Every time I review the statistics about pharmaceutical use in the United States, the numbers blow my mind. In 2013, the Mayo Clinic reported that nearly 70% of Americans are on at least one type of prescription drug. About one in five (20%) are on more than one prescription drug. That’s significantly more people on pharmaceuticals than not on them… and that’s pretty shocking.
The amount that we spend on prescription drugs is equally staggering… maybe even moreso. Figures reported by the data firm IMS Health estimate that Americans spent over 300 billion dollars on prescriptions last year, and we’re well on our way to 400 billion by 2020. That’s more than the gross domestic product of some countries. It’s enough to make one wonder what we could be doing with all of this money, if we didn’t have to spend it on drugs.
Aside from the financial side effects, we all know that pharmaceuticals have side effects. Just think of the drug commercials you see on television… the long list of side effects is read so quickly at the end of the commercial that you barely have time to focus on any of the specifics. The list goes on in a blur… even though some of these side effects are quite serious. This article will shed some light on an overlooked cause of many of these side effects — the nutritional deficiencies that are caused by the medication itself. We call these adverse reactions “drug-induced nutrient depletions.”
Drug-induced nutrient depletions are an important trigger of many common pharmaceutical side effects. This phenomenon can happen in different ways, depending on the specific biochemistry of the drug, and the genetics of the individual taking it.
There is compelling research on many different drug classes and the nutritional deficiencies they can cause. In my opinion, these drug-nutrient interactions are not talked about nearly enough. In fact, many physicians and other prescribers are not even aware that they exist… but these nutrient depletions are something that patients absolutely need to know.
The following are just a few examples:
– Statins: These extremely popular cholesterol-lowering medications can deplete CoQ10, selenium, omega-3, and zinc.
– Beta blockers: This common class of medication used to control blood pressure and heart rate depletes CoQ10, chromium (a mineral involved in blood sugar control), and melatonin (a hormone important for sleep).
– ACE inhibitors: These blood pressure lowering drugs can deplete zinc.
– Diuretics: Using these can deplete minerals such as calcium, magnesium, and potassium.
– Acid blocking medication: Proton pump inhibitors (PPIs) like Prilosec and Nexium can deplete magnesium, vitamin B12, vitamin D, iron, folic acid, calcium, and zinc.
– Oral contraceptives: Birth control pills and hormone replacement therapies can deplete B-vitamins, folic acid, magnesium, and zinc.
– NSAIDs: Ibuprofen and other non-steroidal anti-inflammatory medications can deplete folic acid and iron.

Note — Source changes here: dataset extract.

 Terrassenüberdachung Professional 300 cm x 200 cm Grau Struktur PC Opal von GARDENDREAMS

– Antibiotics: Many antibiotics can deplete biotin, B-vitamins, vitamin K, and folic acid. They can also disrupt normal GI microbes.
This is just the beginning. There are many more medications that cause nutrient depletions. If you take medication regularly, or whenever you get prescribed a new one… take a look at this comprehensive and very useful chart of drugs that can cause nutrient depletions.

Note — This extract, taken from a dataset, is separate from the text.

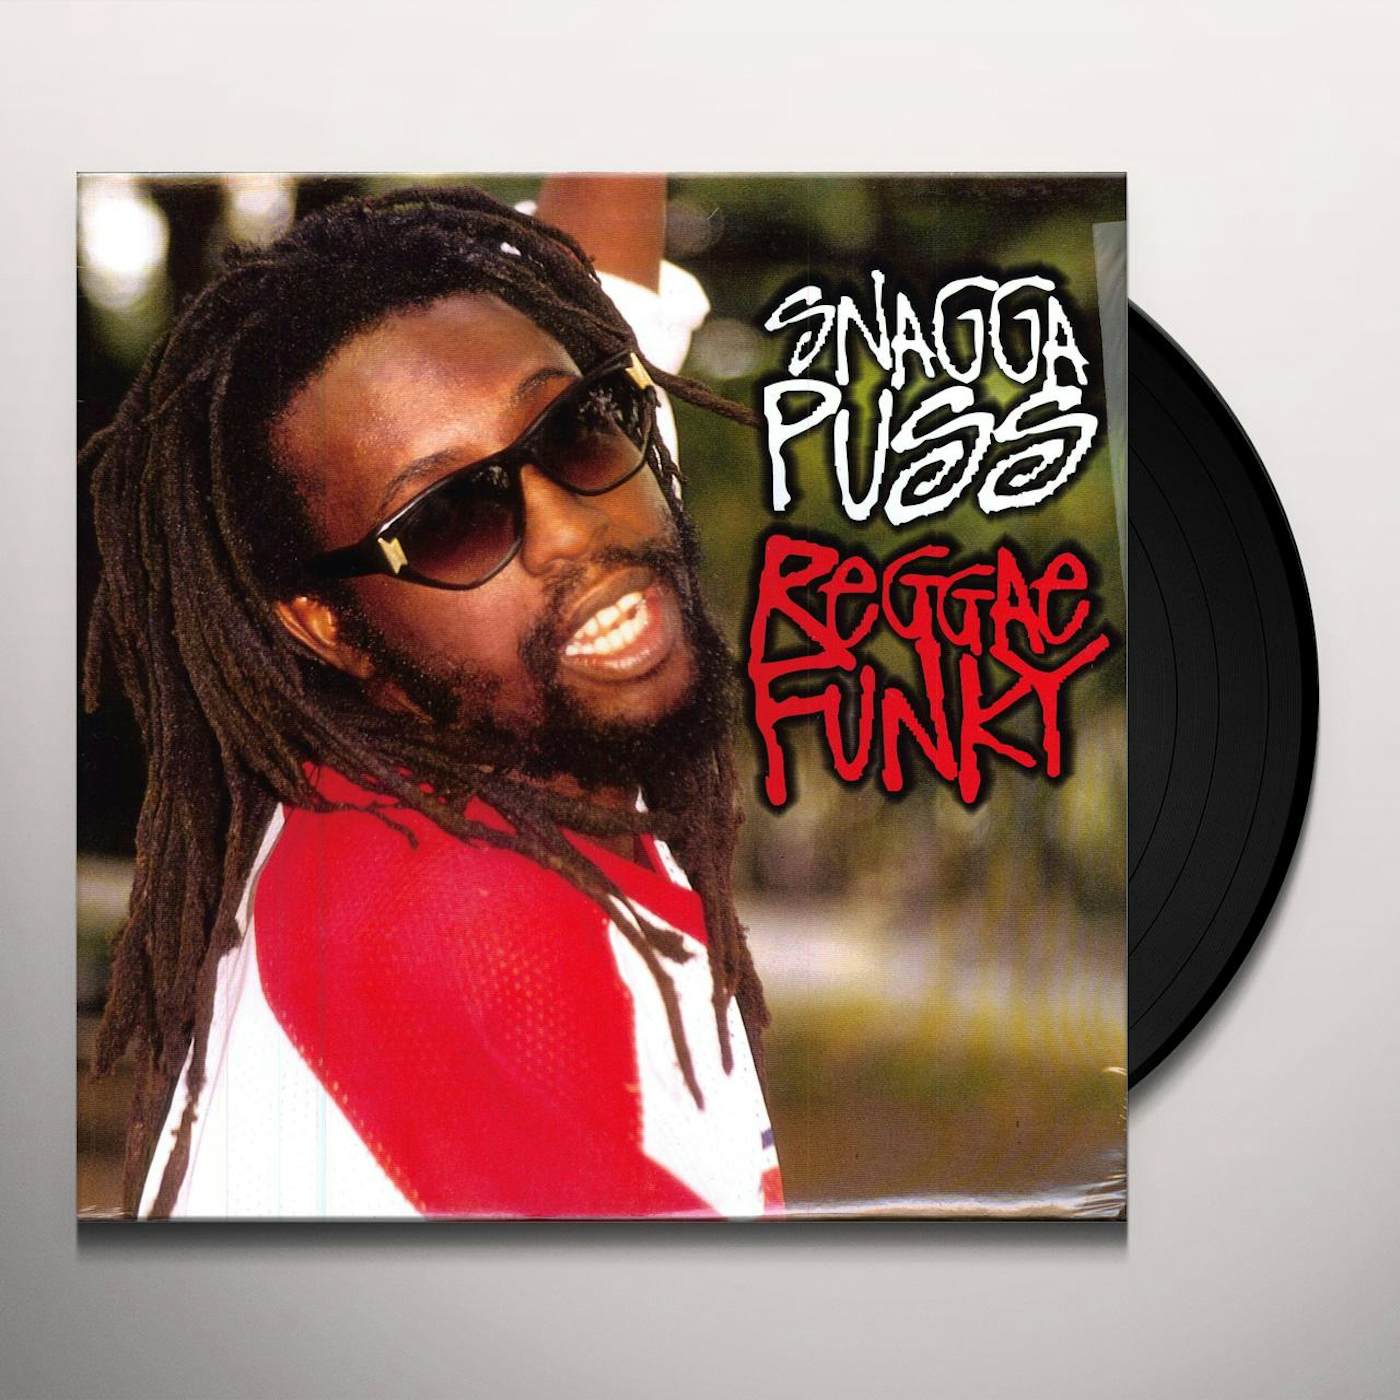 Snagga Puss Reggae Funky Vinyl Record

So, what do we do with all of this information? First of all, it’s crucial that we only take pharmaceuticals and antibiotics when we absolutely need them. Second, people that do need to take these medications need to make sure that they replace the nutrients that they deplete.
This is “integrative medicine” in the true sense of the word… a way that pharmaceutical and natural medicine can work together. You should talk to your doctor about supplementing with the nutrients that your medication depletes. This can help reduce side effects, and ensure that your body is receiving the nutrition that it needs to be healthy.